● **Exercise brief**
For the data below, transcribe the part that opens with the line containing "1920px-Boeing_full_logo.svg.png" and closes with the line containing "Halloween Face Mask", exactly and with no pictures.
--- Information supplied Enclosed Below ---
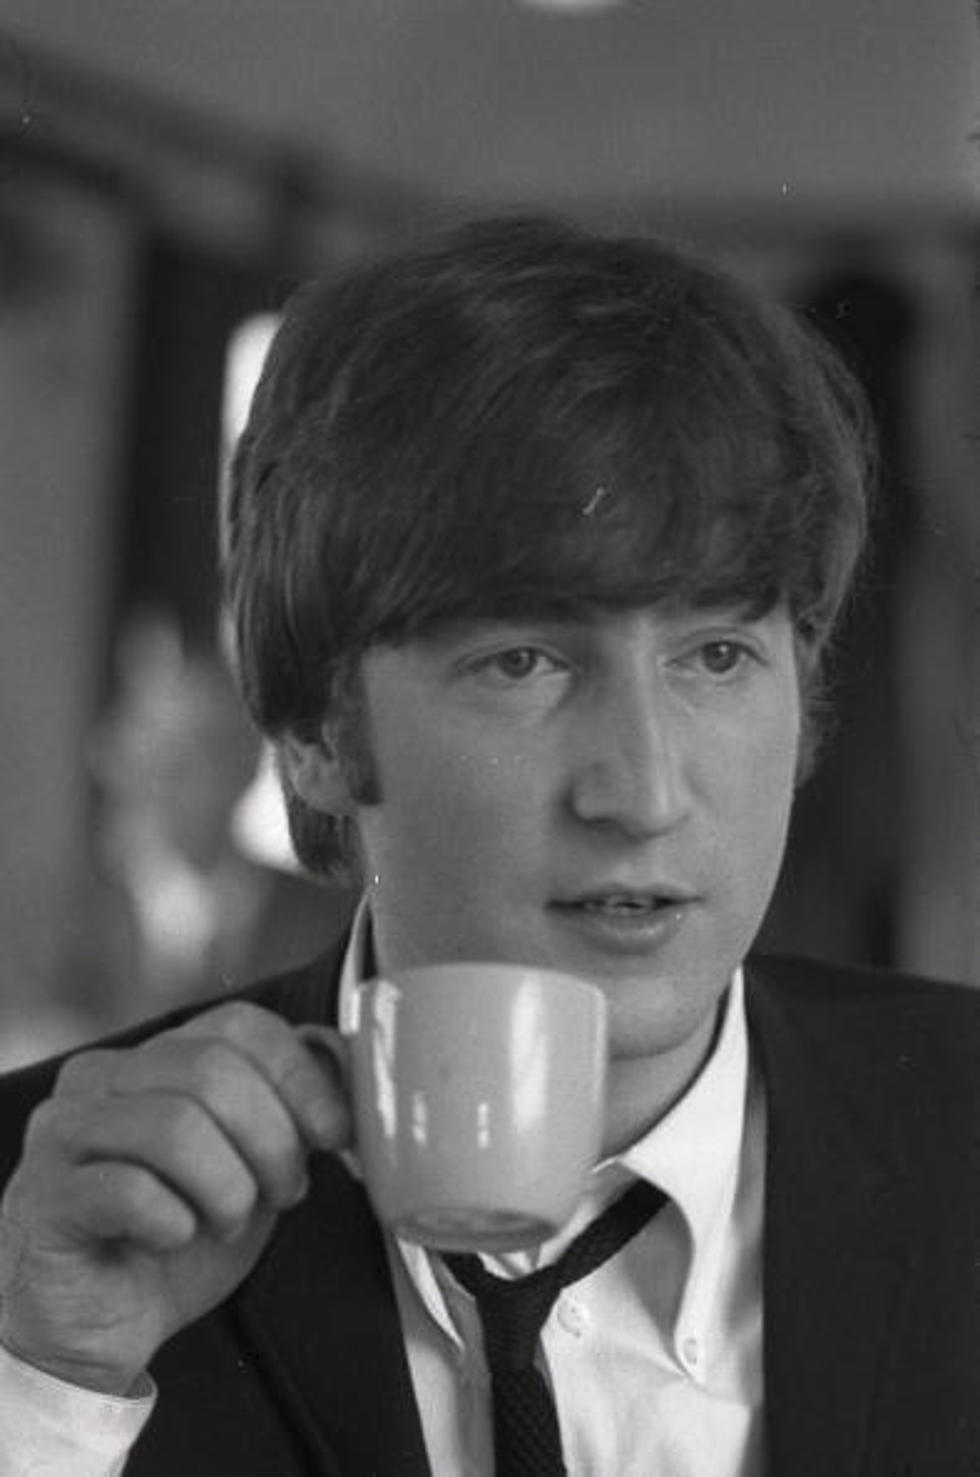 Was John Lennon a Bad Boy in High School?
--- End of Enclosed Information supplied ---
--- Information supplied Enclosed Below ---
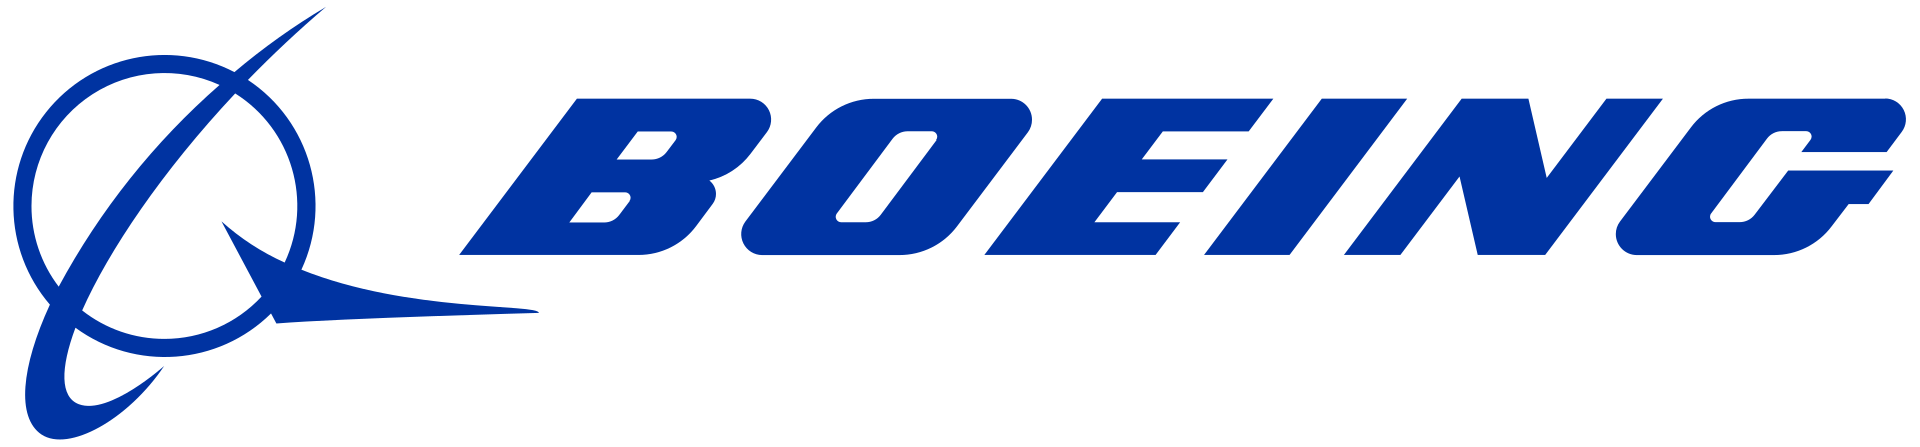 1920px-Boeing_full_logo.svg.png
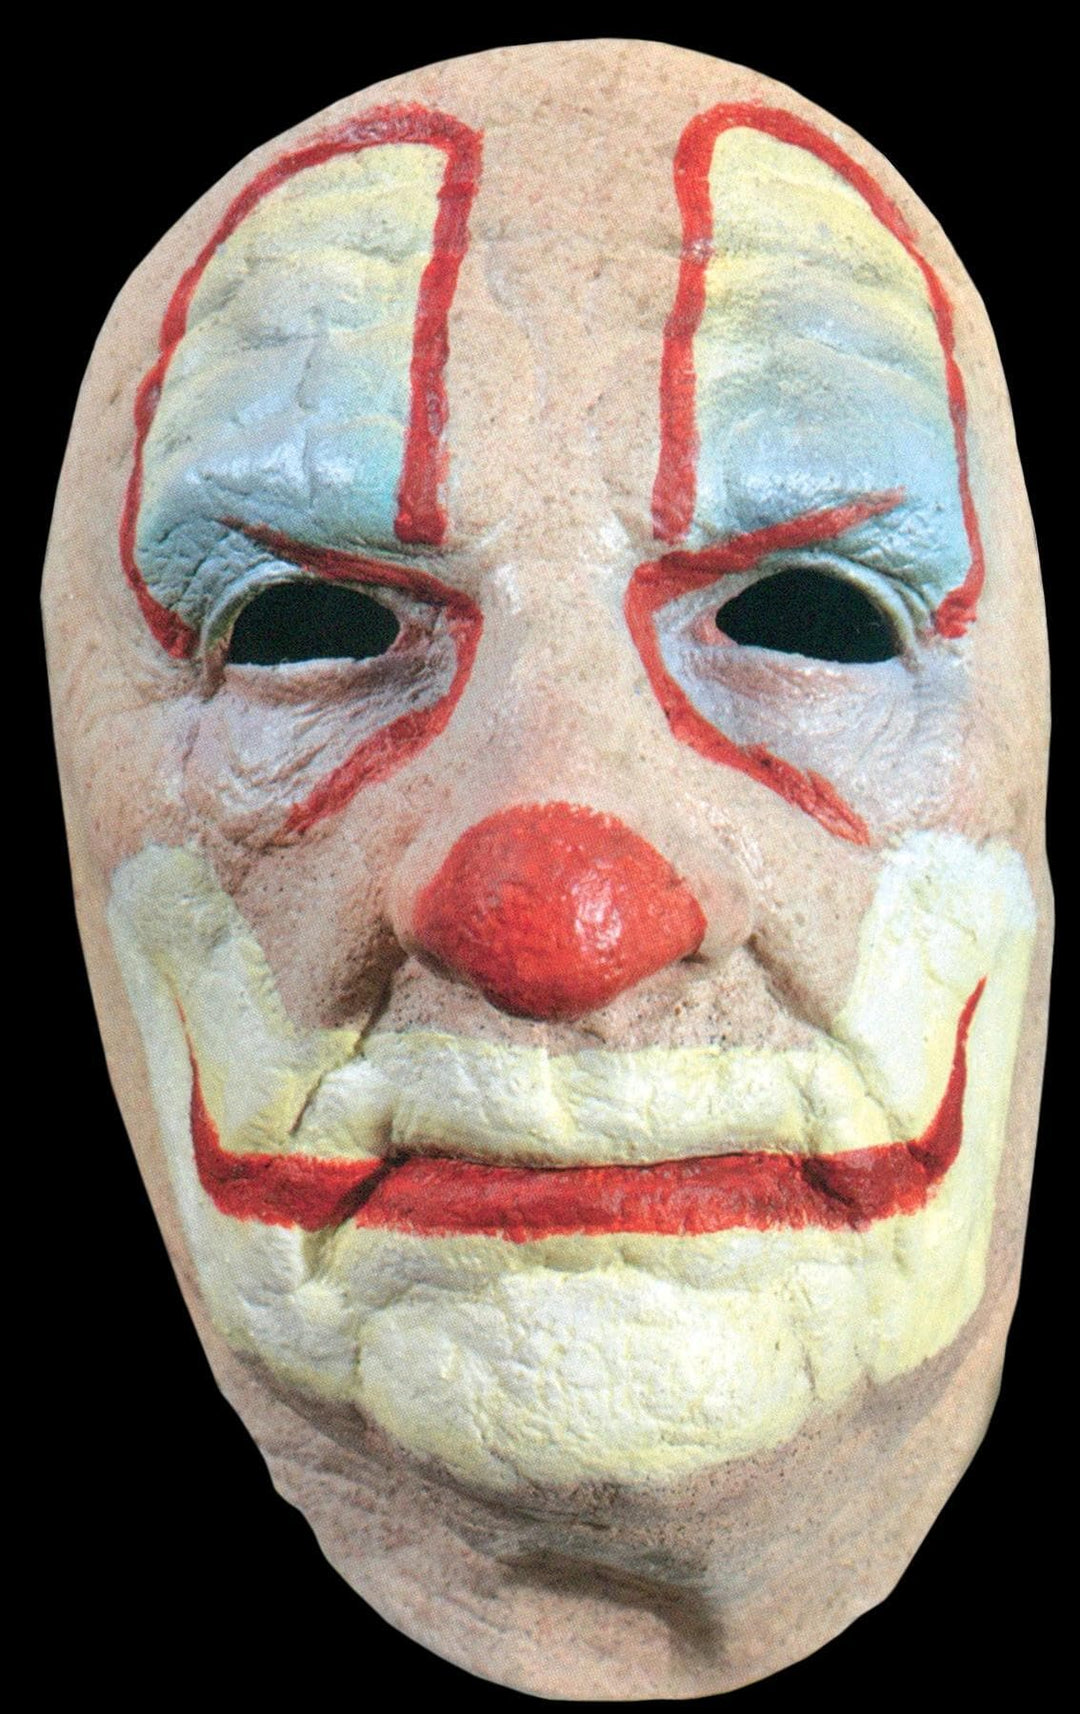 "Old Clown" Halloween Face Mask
--- End of Enclosed Information supplied ---
--- Information supplied Enclosed Below ---
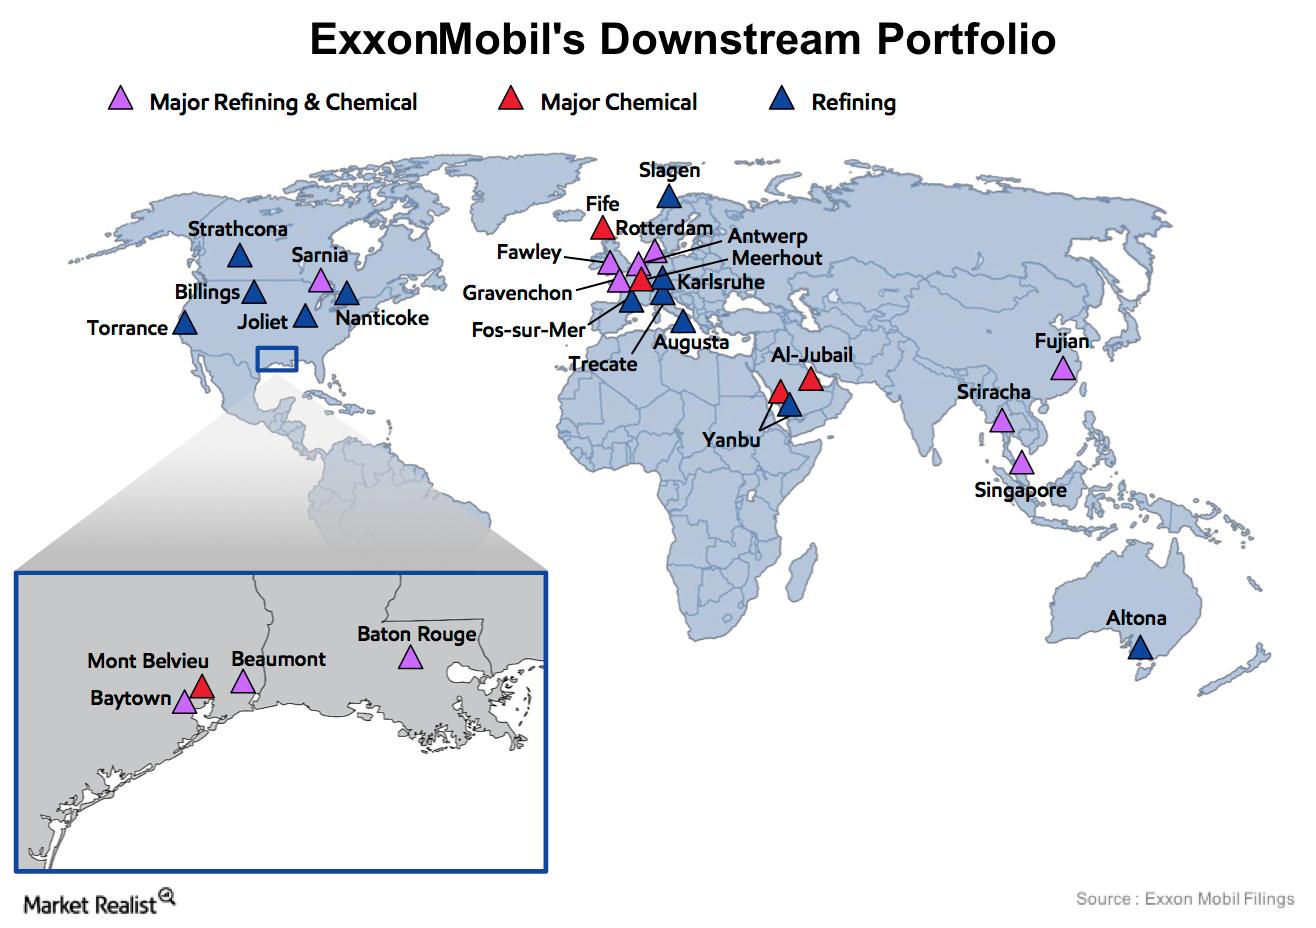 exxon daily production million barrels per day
--- End of Enclosed Information supplied ---
● **Answer space**
 1920px-Boeing_full_logo.svg.png
 "Old Clown" Halloween Face Mask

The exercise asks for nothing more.